The above expressions do not address the problem of Word exporting lists to HTML paragraphs. I created a List Test in Word and exported that to a List Test in HTML. In studying the latter, here's what I think I know about Word's list code:

  1. Each list item is coded as a paragraph and has a class attribute. In my sample, the class is "MsoListParagraph", but that's not reliable. It's tied to the style folks are applying to their list in Word, and could be anything.
  2. Each paragraph also has a style attribute.
  3. Inside each paragraph is a <span> tag followed by one or more characters that represent the symbol or number. There's some guessing involved here, but if the symbol includes a number 1-9, letter "a" through "n" in upper or lower case, then this is an ordered list. Otherwise it's an unordered list. (Lists must stop at the letter "n" because the letter "o" is used as one of the bullet symbols.
  4. This symbol is followed by another <span> tag that contains one or more &nbsp; characters, and all this ends with two closing </span> tags.

Matching the above pattern and replacing it all with a <li> would seem to be fairly straightforward using regular expressions, but I'm stumped on how to figure out where a list begins and ends, which is necessary so we know where to place the opening and closing <ul> or <ol> tags.

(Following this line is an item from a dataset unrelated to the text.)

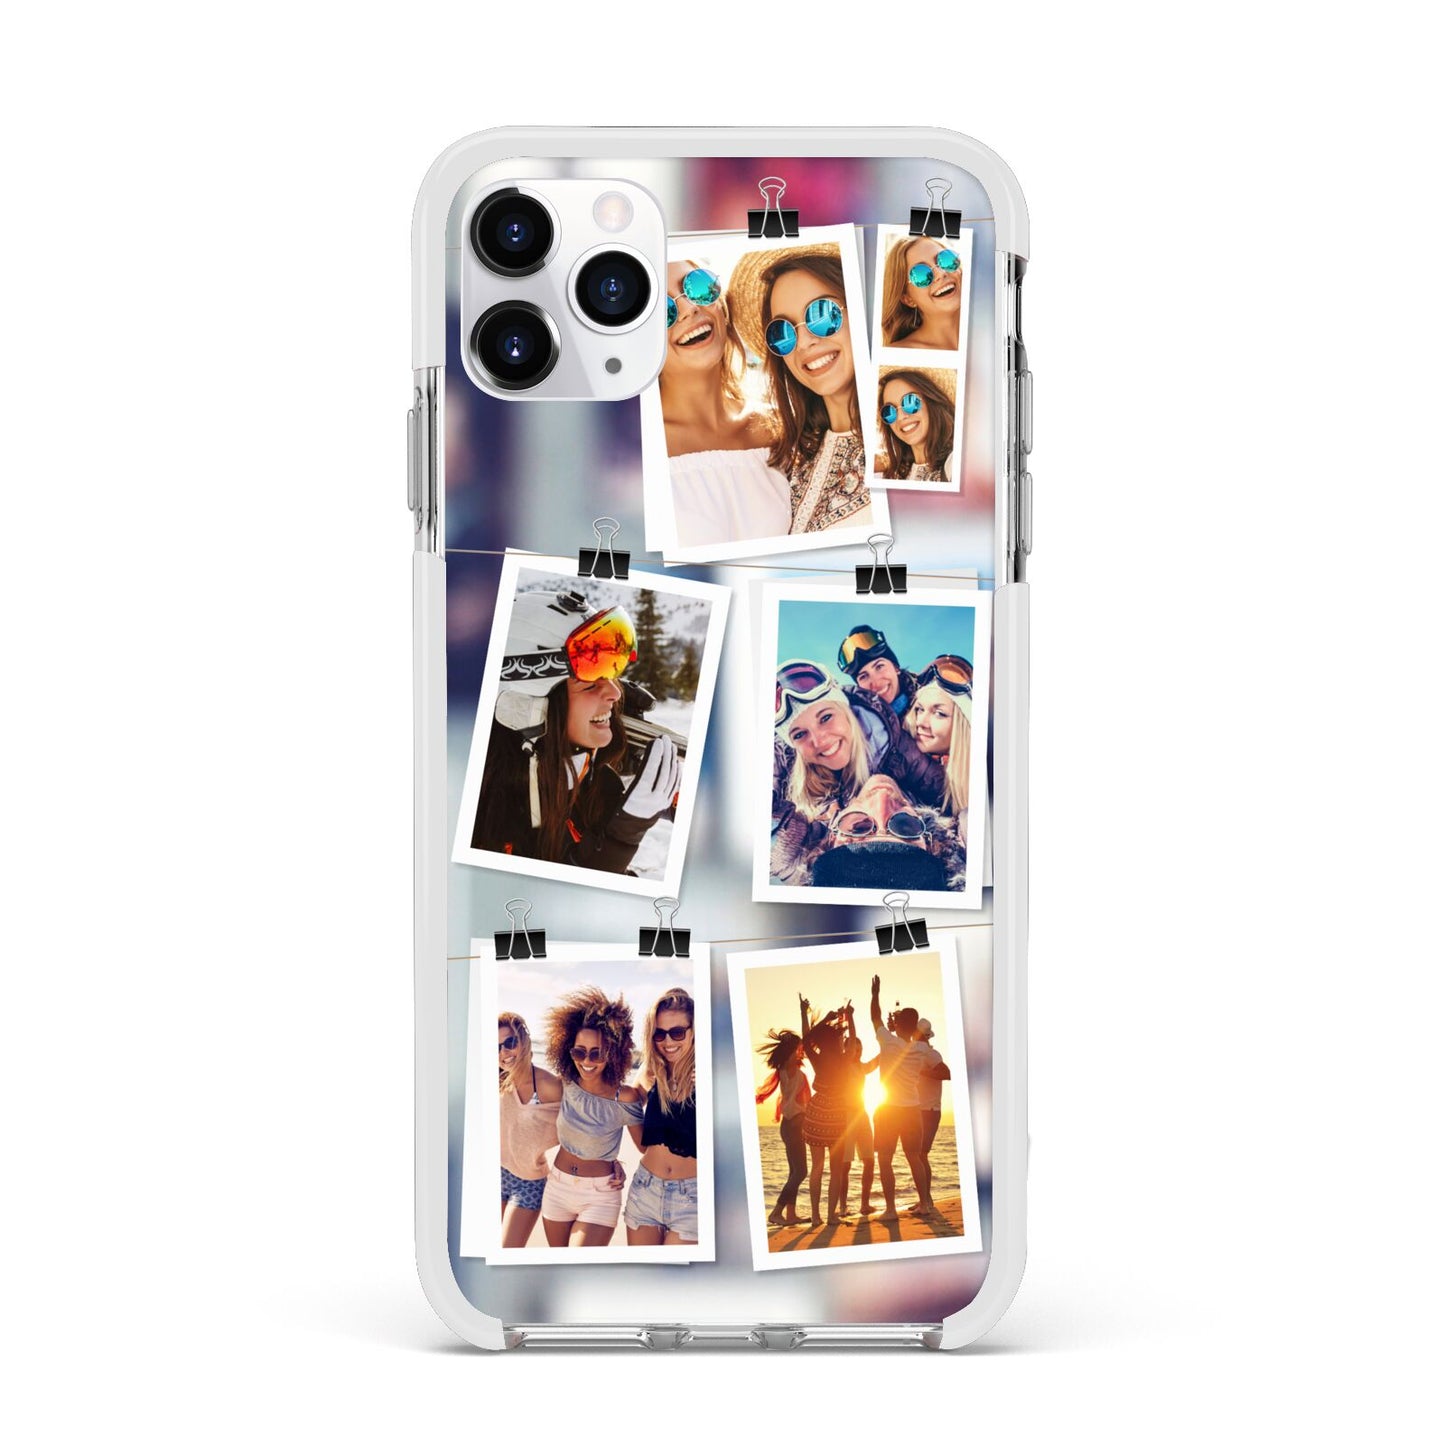 Photo Wall Montage Upload Apple iPhone 11 Pro Max in Silver with White Impact Case

Any Hard Core Geeks in the crowd who are up to the challenge of figuring that out?

Use Libre Office

In my previous blog post, I found that Libre Office does a better job than Word at exporting to both PDF and HTML. Its HTML output includes gobs of presentational markup just like Word's output does, but at least it exports lists as lists (albeit without closing </li> tags).

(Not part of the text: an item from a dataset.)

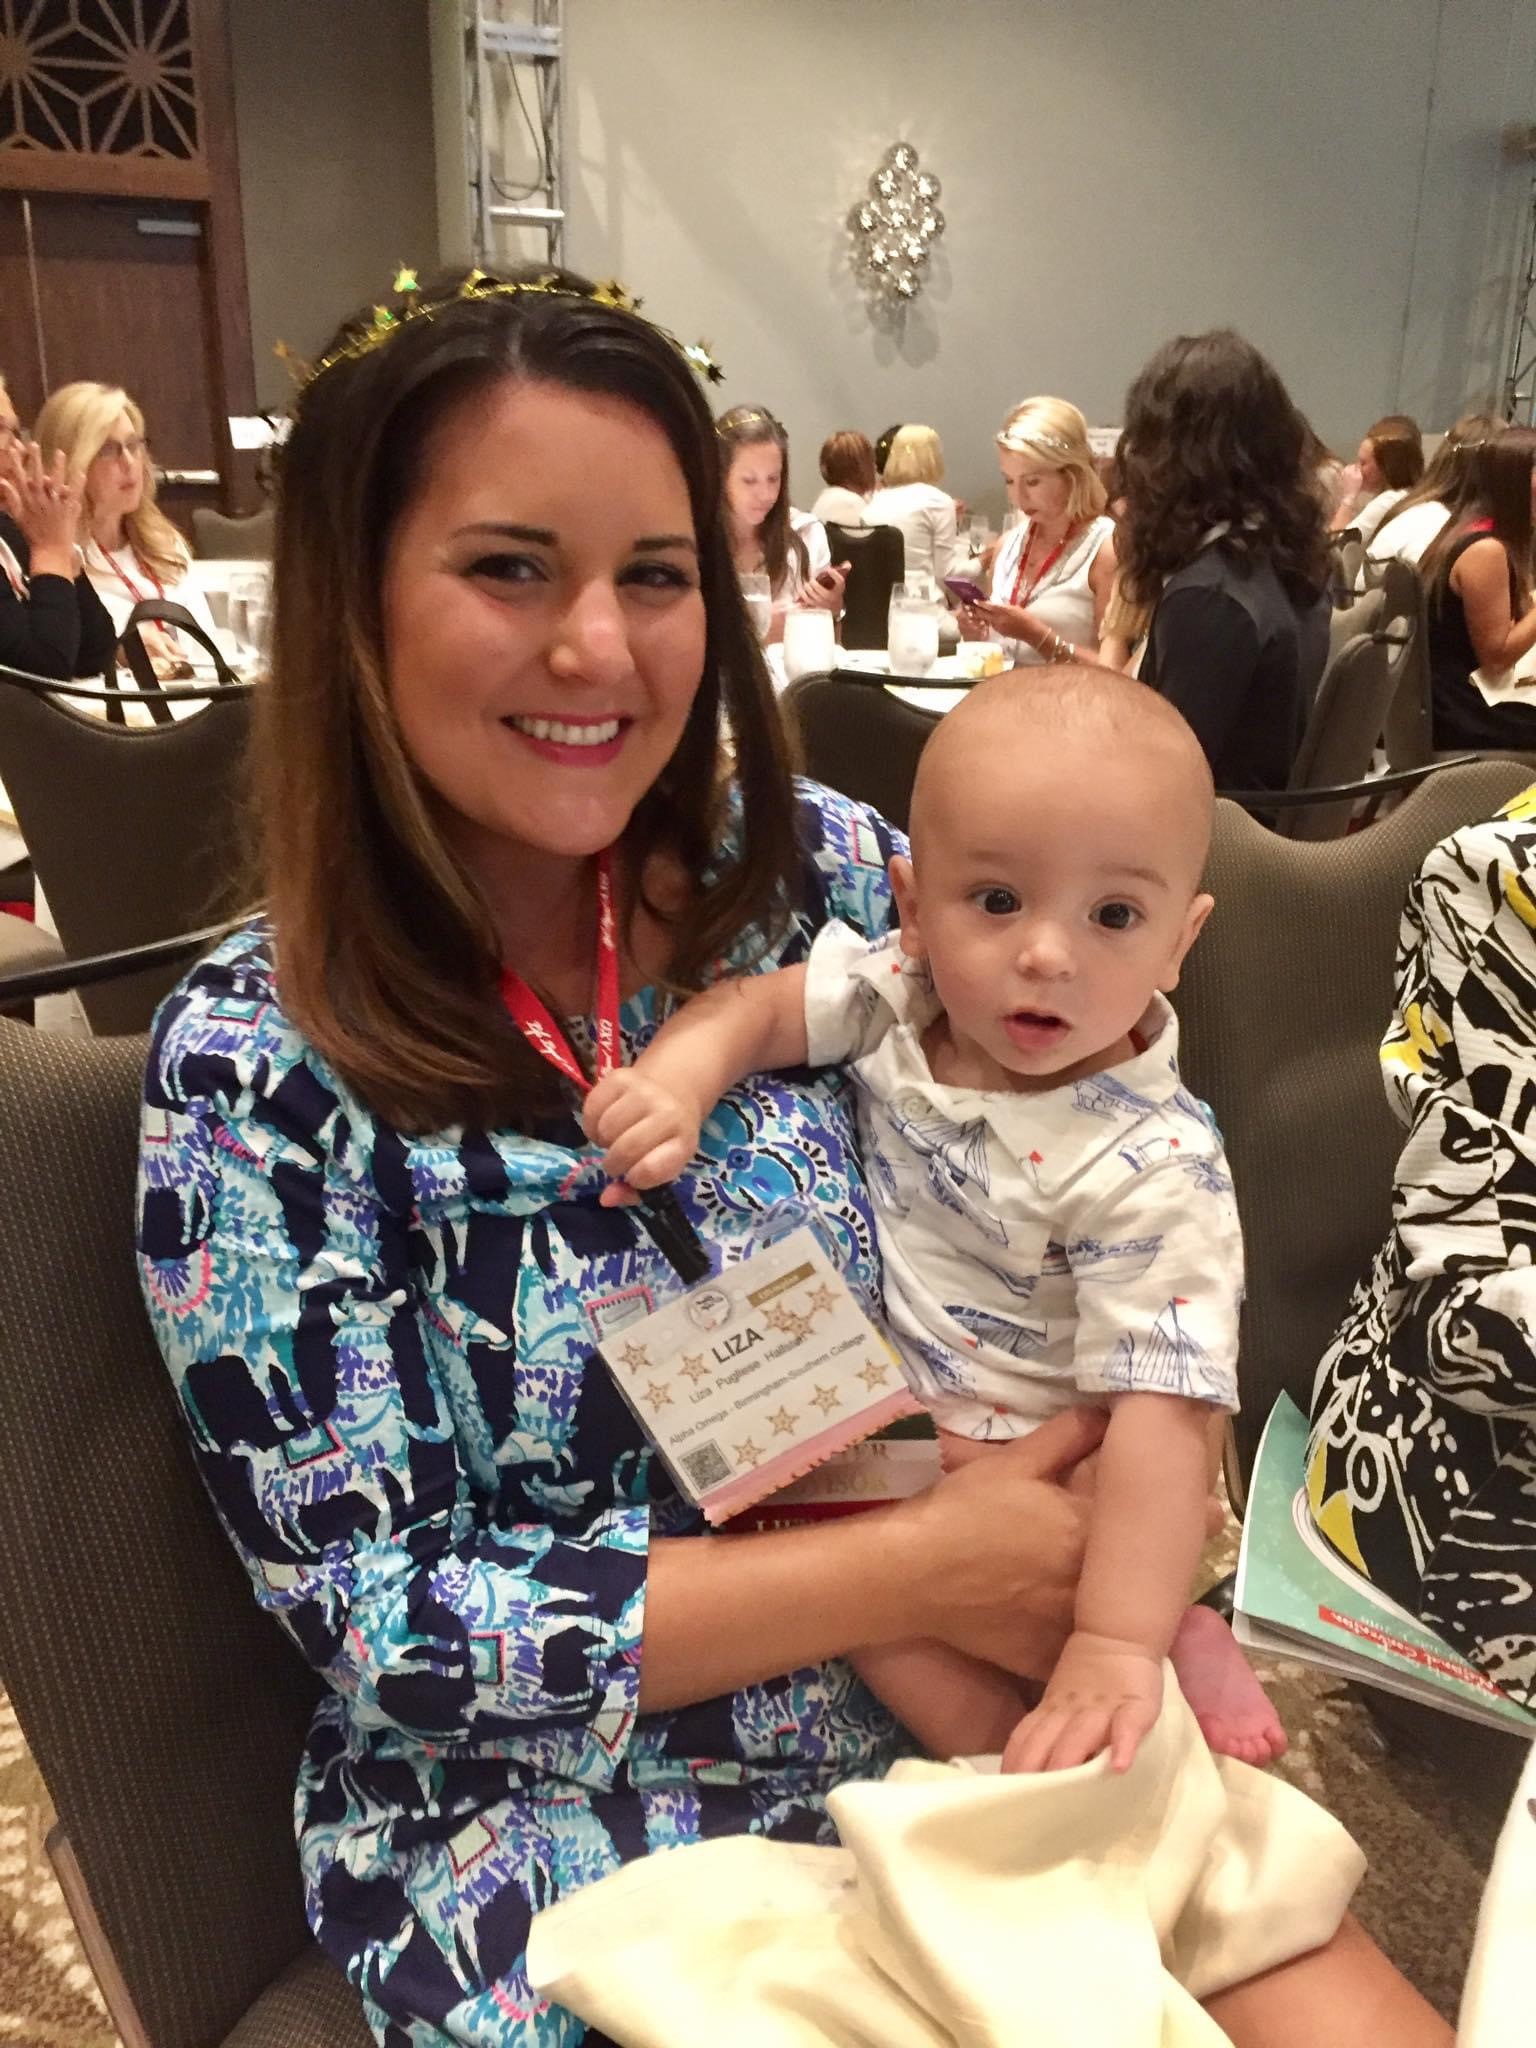 Liza’s son Asher has also had a blast at convention!

So, one seemingly complete solution for exporting from Word to HTML would be to follow these steps:

  1. Open the Word doc in Libre Office.
  2. Save As > HTML Document.
  3. Open the HTML document in an HTML editor then find and replace unwanted presentational code using the above regular expressions.
  4. Run the final output through HTML Tidy to cleanup any lingering problems (e.g., add closing </li> tags).

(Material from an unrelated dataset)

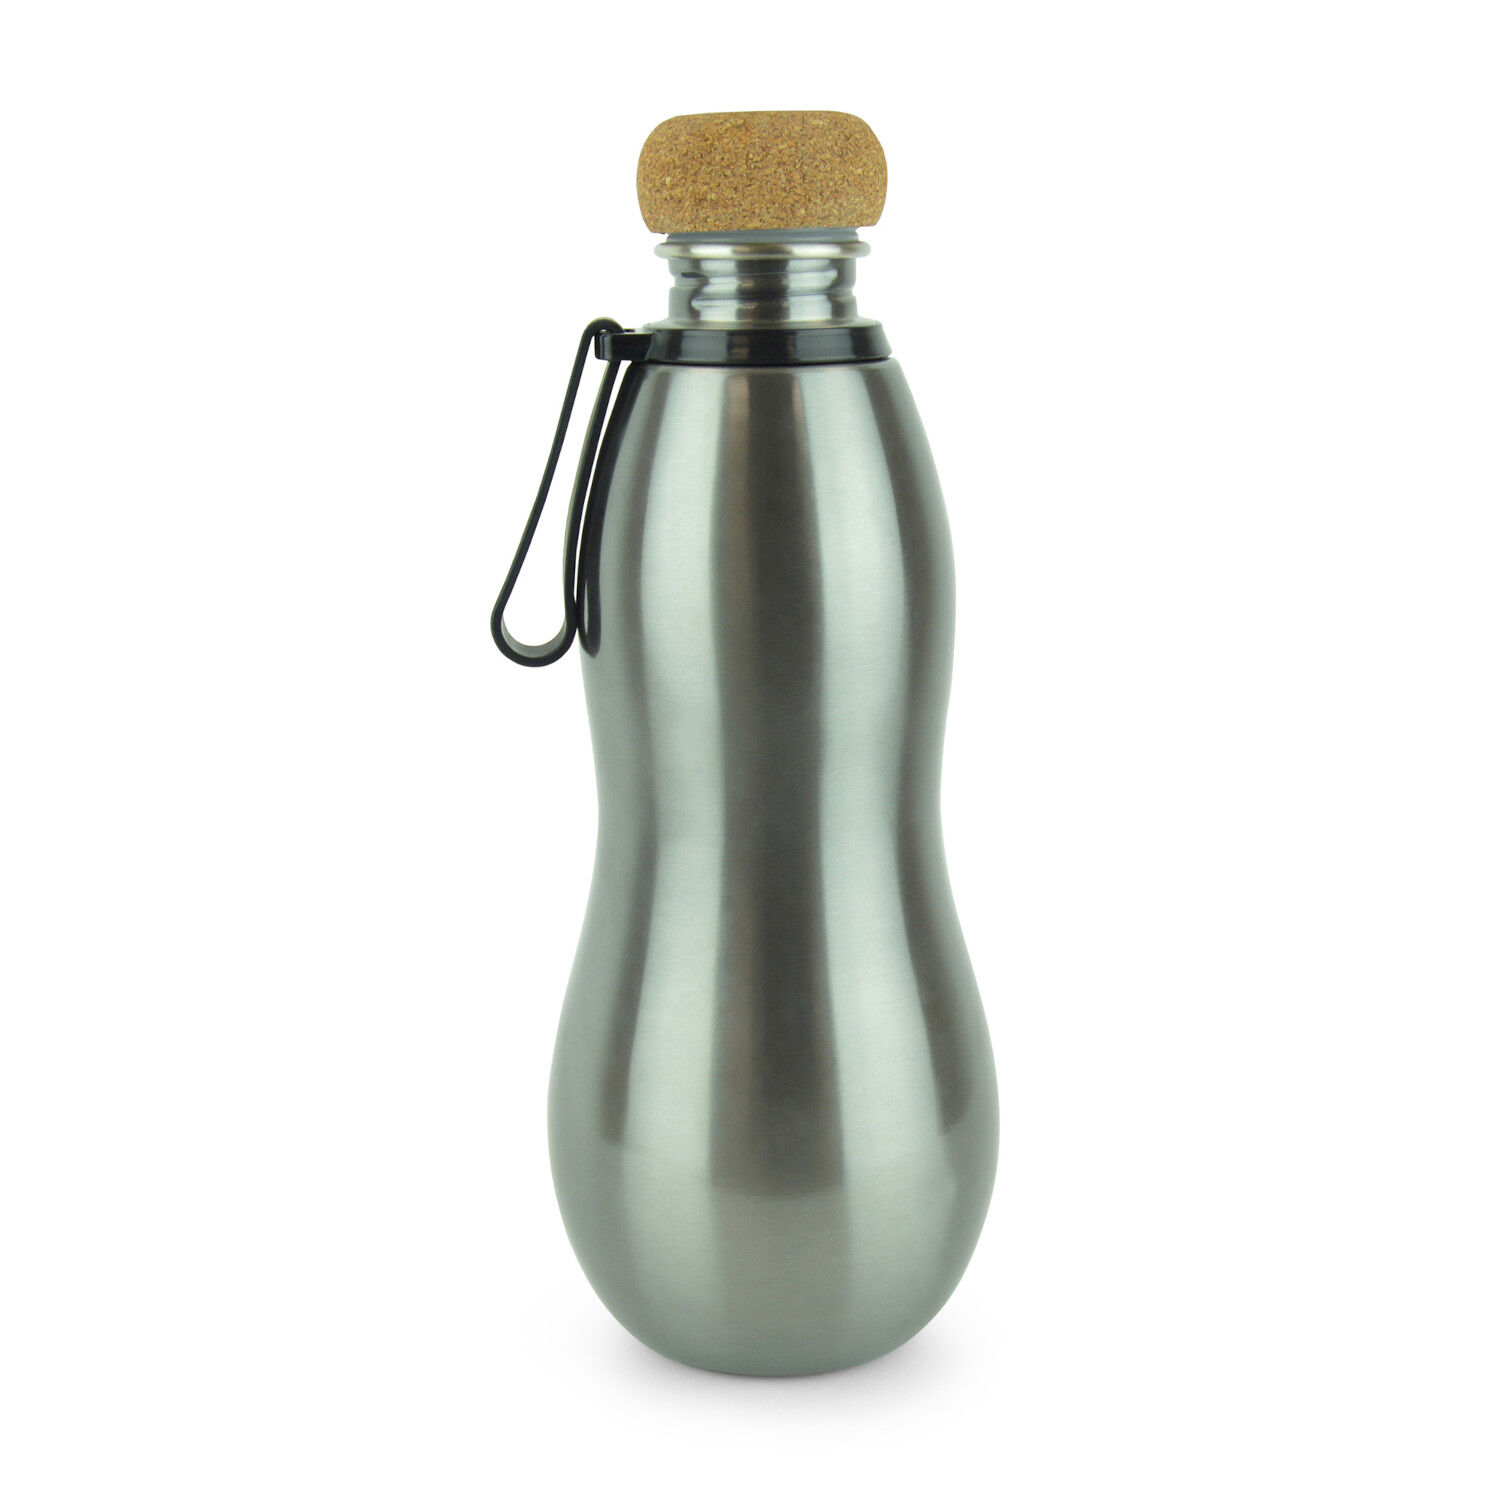 Stainless Steel Drinks Bottle with Cork Lid 690ml

One problem with Libre Office is that it doesn't include header tags in its data tables, but data tables will require additional editing anyway to be made fully accessible, so that really isn't a problem.

Now, time for BBQ and fireworks...

One thought on “Cleaning up Word’s HTML with Regular Expressions

  1. Seems like a good solution might be loading the HTML into Casperjs and then manipulating the DOM, followed by exporting the DOM to a file. Should be more reliable than regex, I think. Maybe an open source project?